## Data to use
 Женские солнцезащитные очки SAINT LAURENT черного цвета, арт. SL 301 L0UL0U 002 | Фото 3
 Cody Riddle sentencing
==
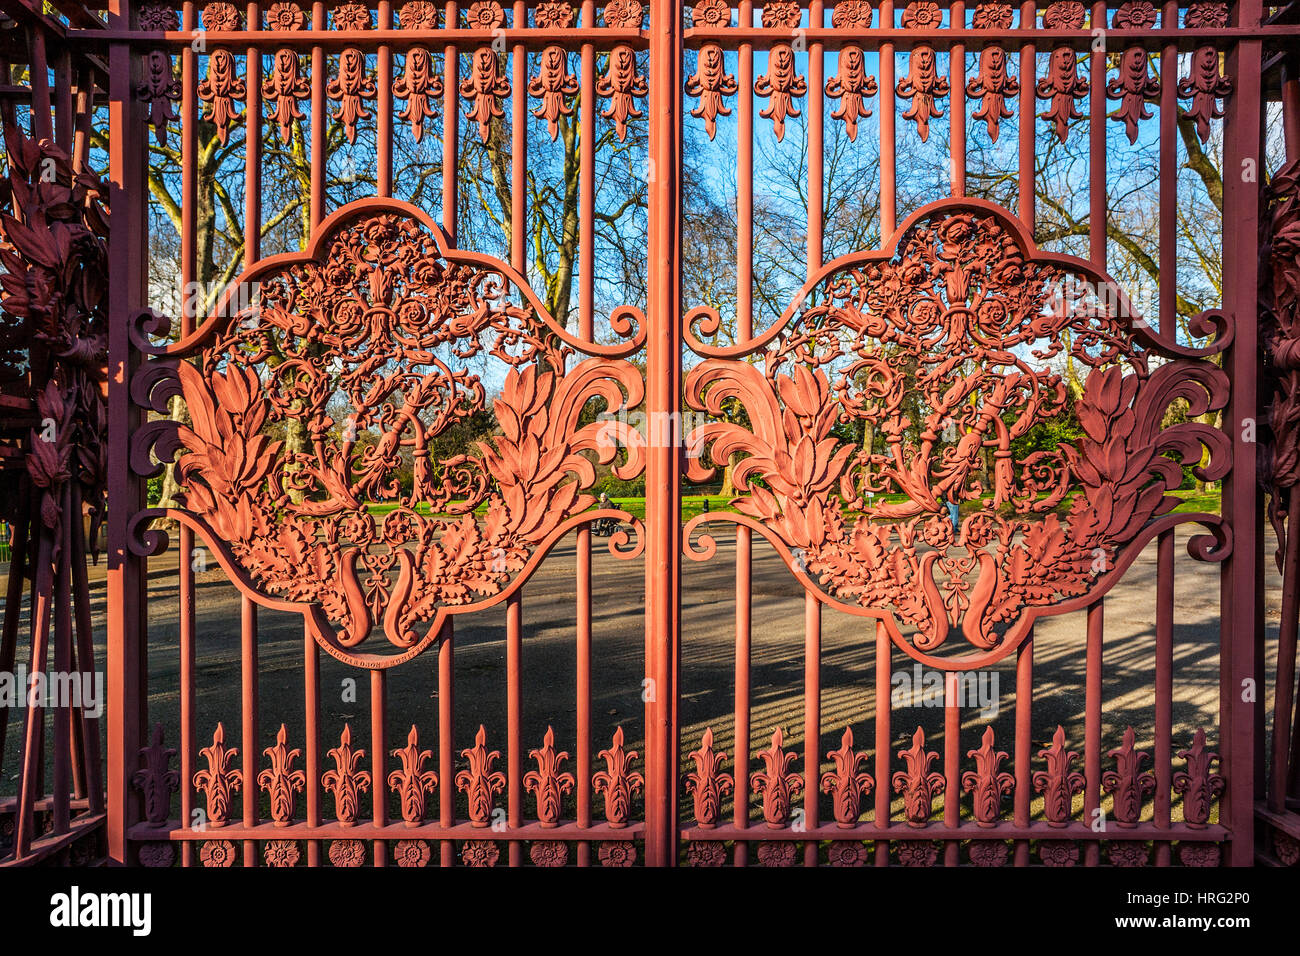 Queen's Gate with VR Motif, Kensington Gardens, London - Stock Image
==
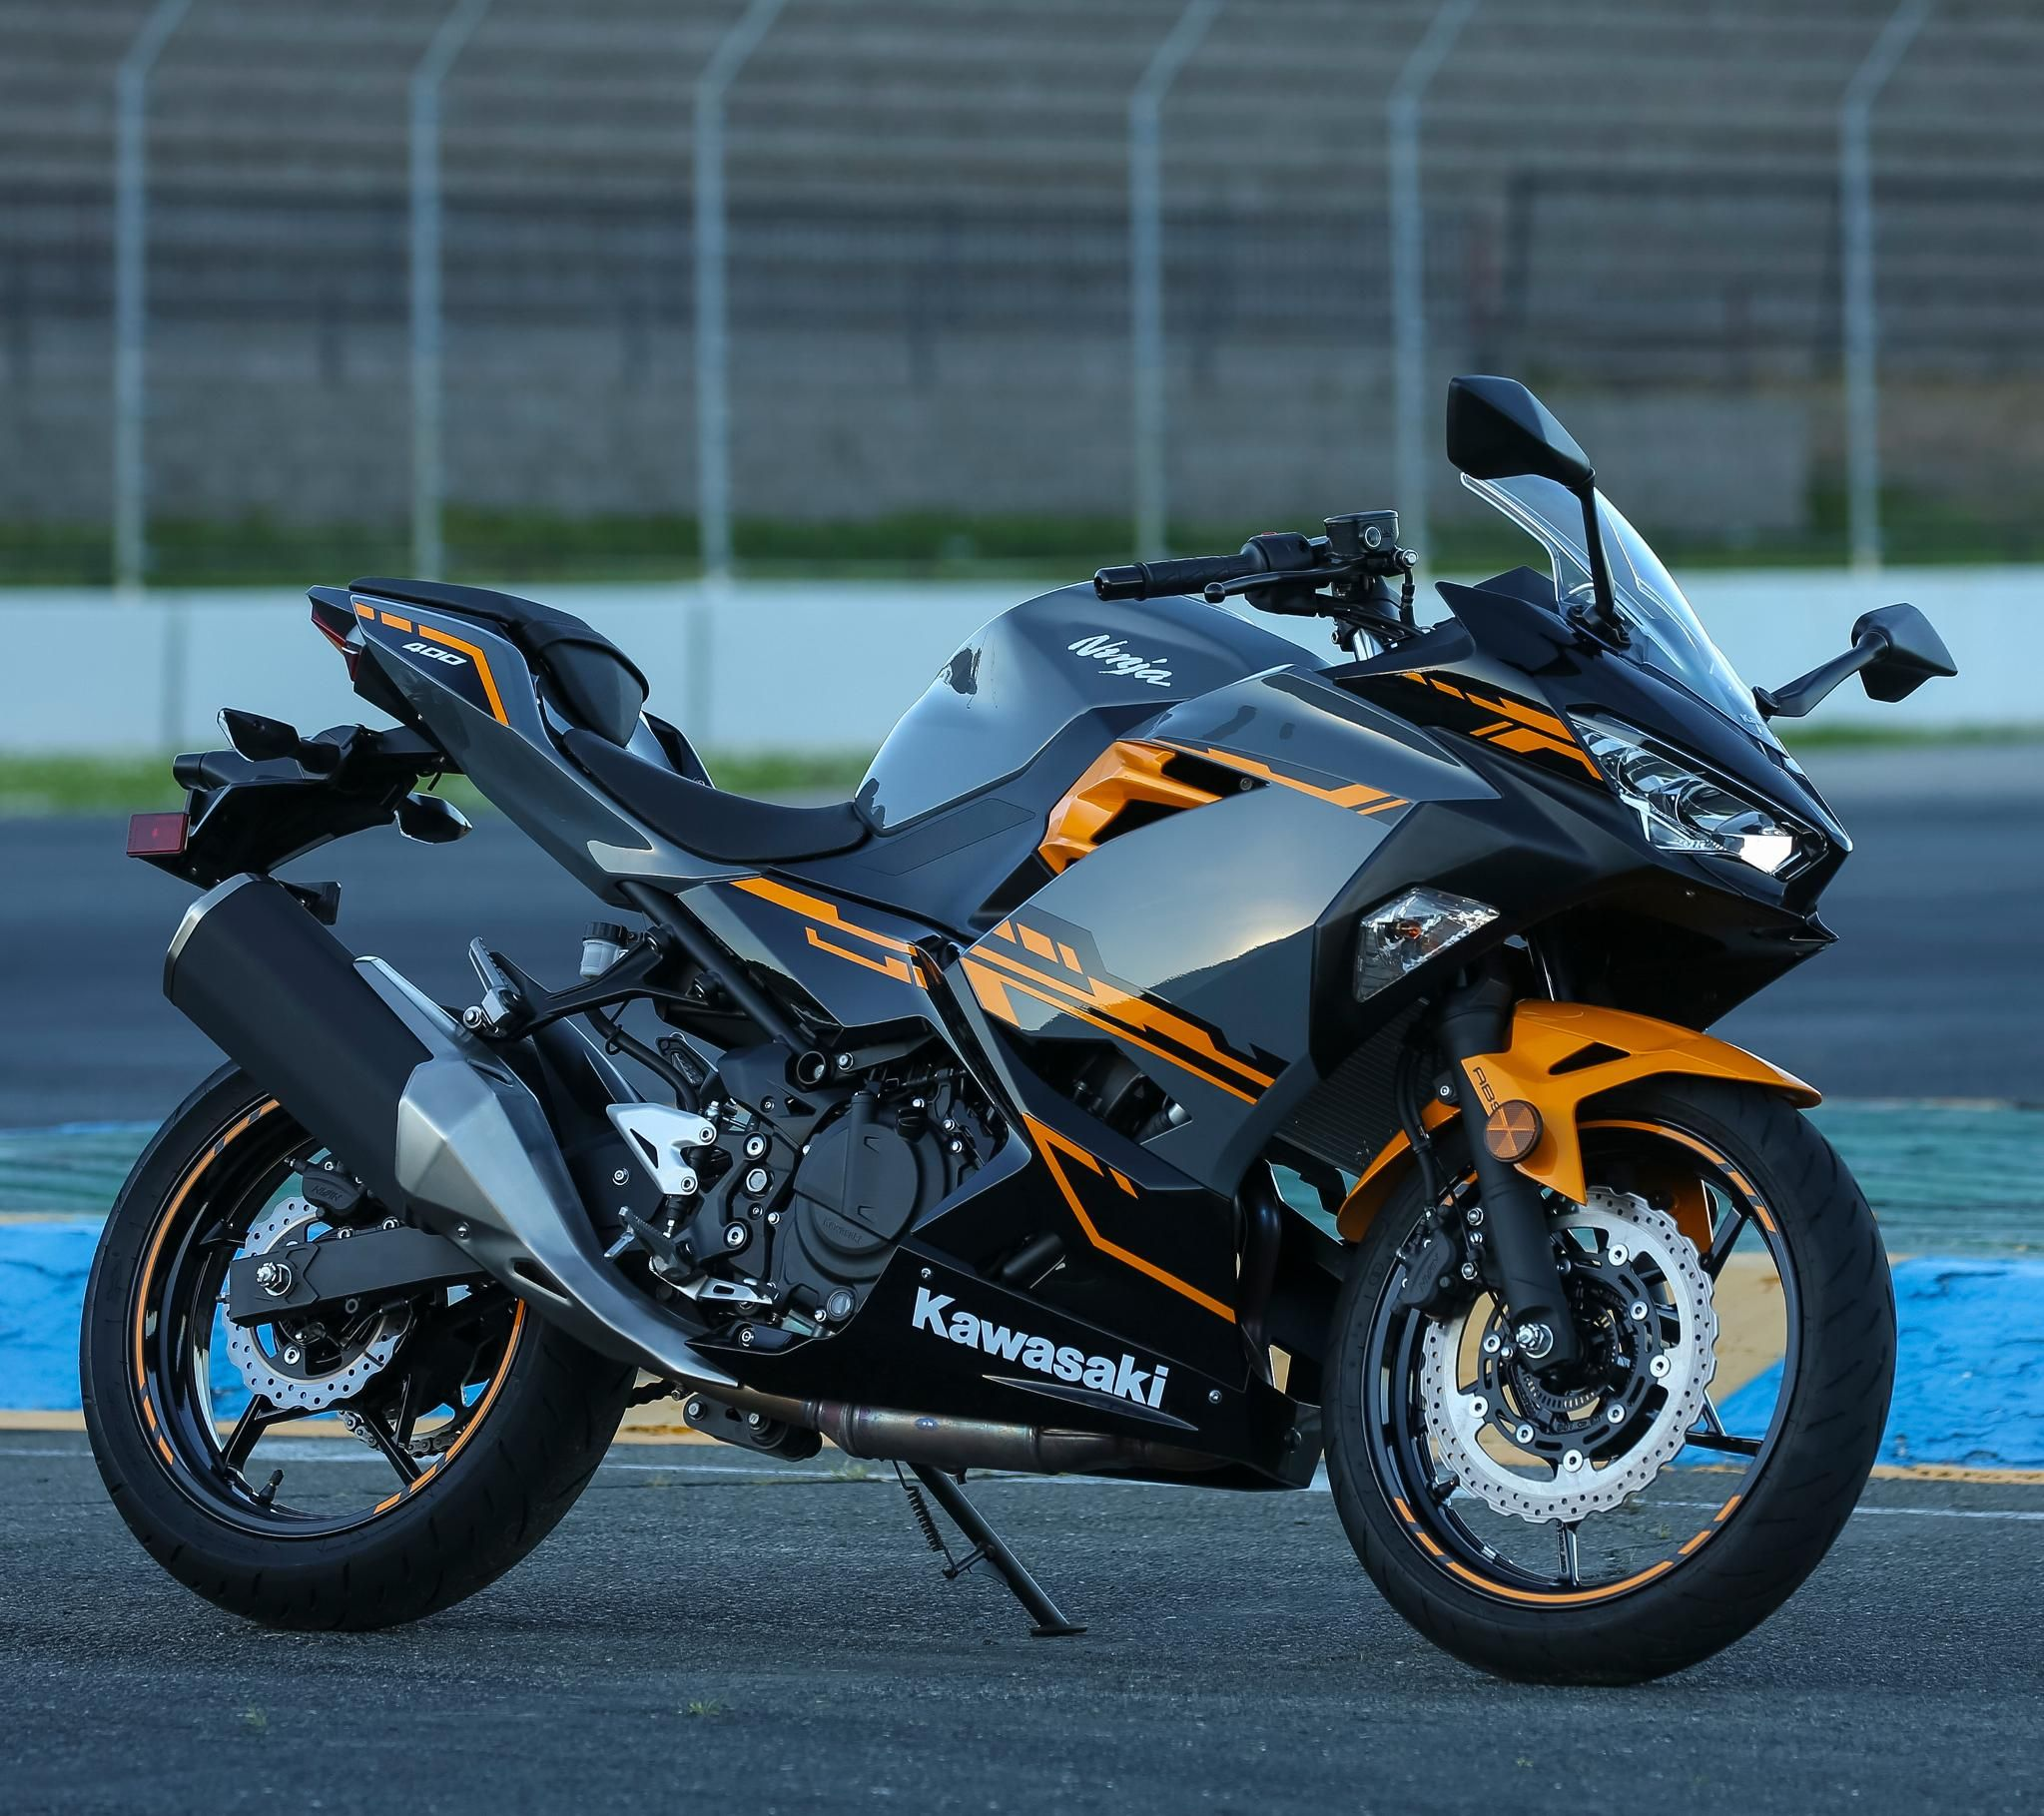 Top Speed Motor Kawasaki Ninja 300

## What you have to do
Look above for the line with "Женские солнцезащитные очки" and the line with "Cody Riddle sentencing"; transcribe both and all lines in between, exactly, and nothing else.

## Your solution
 Женские солнцезащитные очки SAINT LAURENT черного цвета, арт. SL 301 L0UL0U 002 | Фото 3
 Cody Riddle sentencing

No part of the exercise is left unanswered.